Mm, you mean in case of legacy, yeah? That indeed makes sense, kinda forgot about that.

In legacy (i.e. no data source) we don't throw (create the wrapper internally) - maybe we're talking about different things?

roji avatar Mar 11 '25 13:03 roji

Interesting, I'd think the majority just want Any, not Primary, which IIRC is also the default (in both libpq and Npgsql).

The problem with this is, most of the apps do write stuff into the database, and since vanilla postgres doesn't support multi-master... getting a standby will most likely just completely break the app. And speaking from experience, the app I'm working on doesn't really care whether there are multiple hosts or not, as long as we connect to primary. So allowing us just calling Build will make things much-much easier.

In legacy (i.e. no data source) we don't throw (create the wrapper internally) - maybe we're talking about different things?

We might mix things a bit. I was mostly talking about https://github.com/npgsql/npgsql/pull/6046 where I did remove that wrapper (it's already back + I added a test just in case).

Though I guess you're right, and there's no really good reason to block Target Session Attributes with Build(), and for applications where just one attribute is needed (e.g. Primary) it smooths things out. I'm still a bit worried that EF users will unknowingly end up having two connection pools instead of one though...

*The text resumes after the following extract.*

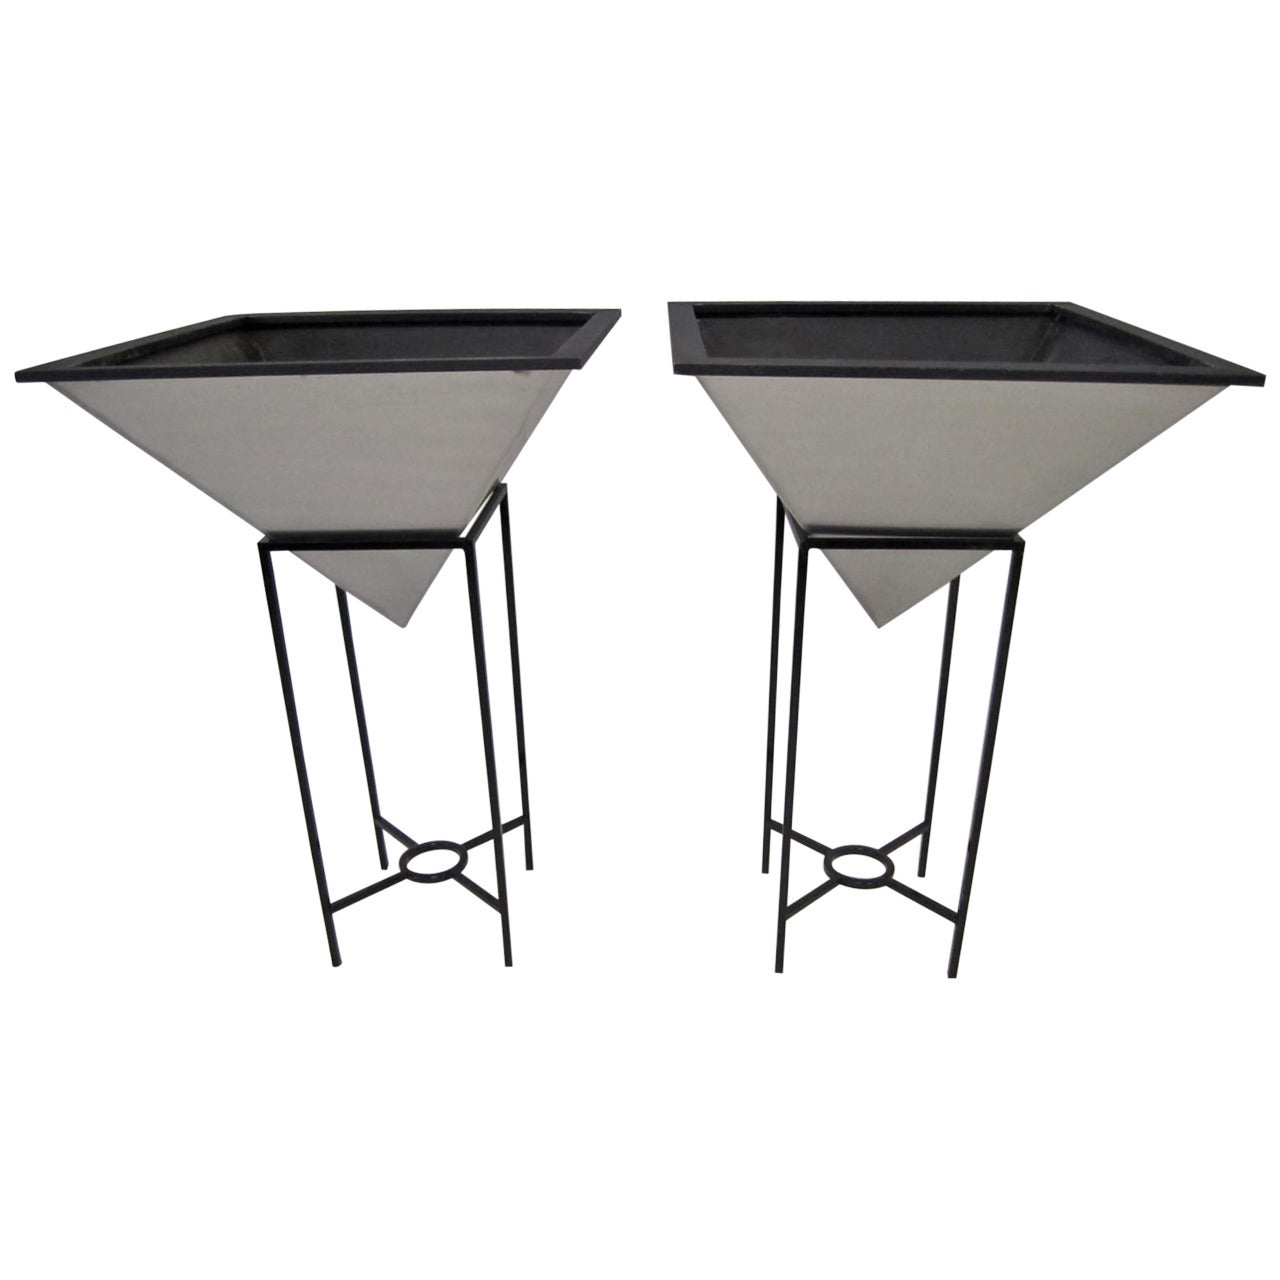 Oversized Inverted Pyramid Planters on Iron Stands Mid-Century Modern
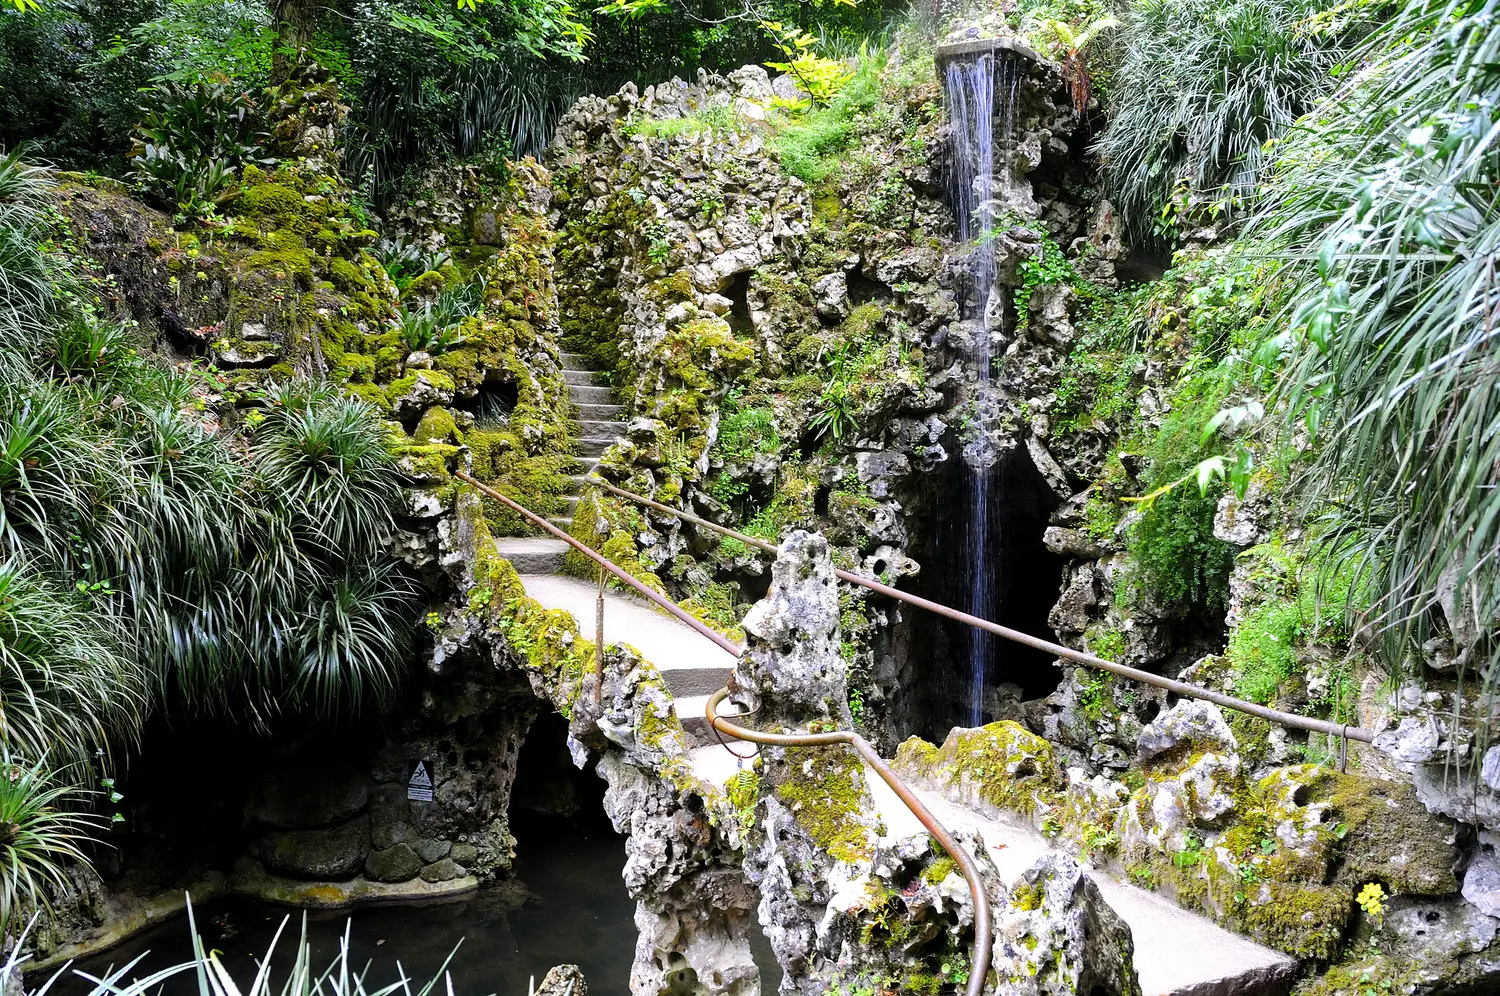 Grey narrow stone bridge with moss leading towards a staircase surrounded by a greenery and a small waterfall on the left at Quinta da Regaleira in Sintra.

I'm not sure whether you're talking about legacy here or not. In case of NpgsqlDataSourceBuilder, each builder will create separate NpgsqlMultiHostDataSource instances, which do not affect each other. In case of legacy (connection string), right now they will create a singular instance of NpgsqlMultiHostDataSource and share it (even if through a wrapper). Now that you reminded me of that behavior, I brought it back in that pr, so pretty much the only change there (aside of tests) is that you can specify TargetSessionAttribute on connection string and then create an NpgsqlDataSource out of it, which will return connections according to TargetSessionAttribute as long as you call OpenConnection().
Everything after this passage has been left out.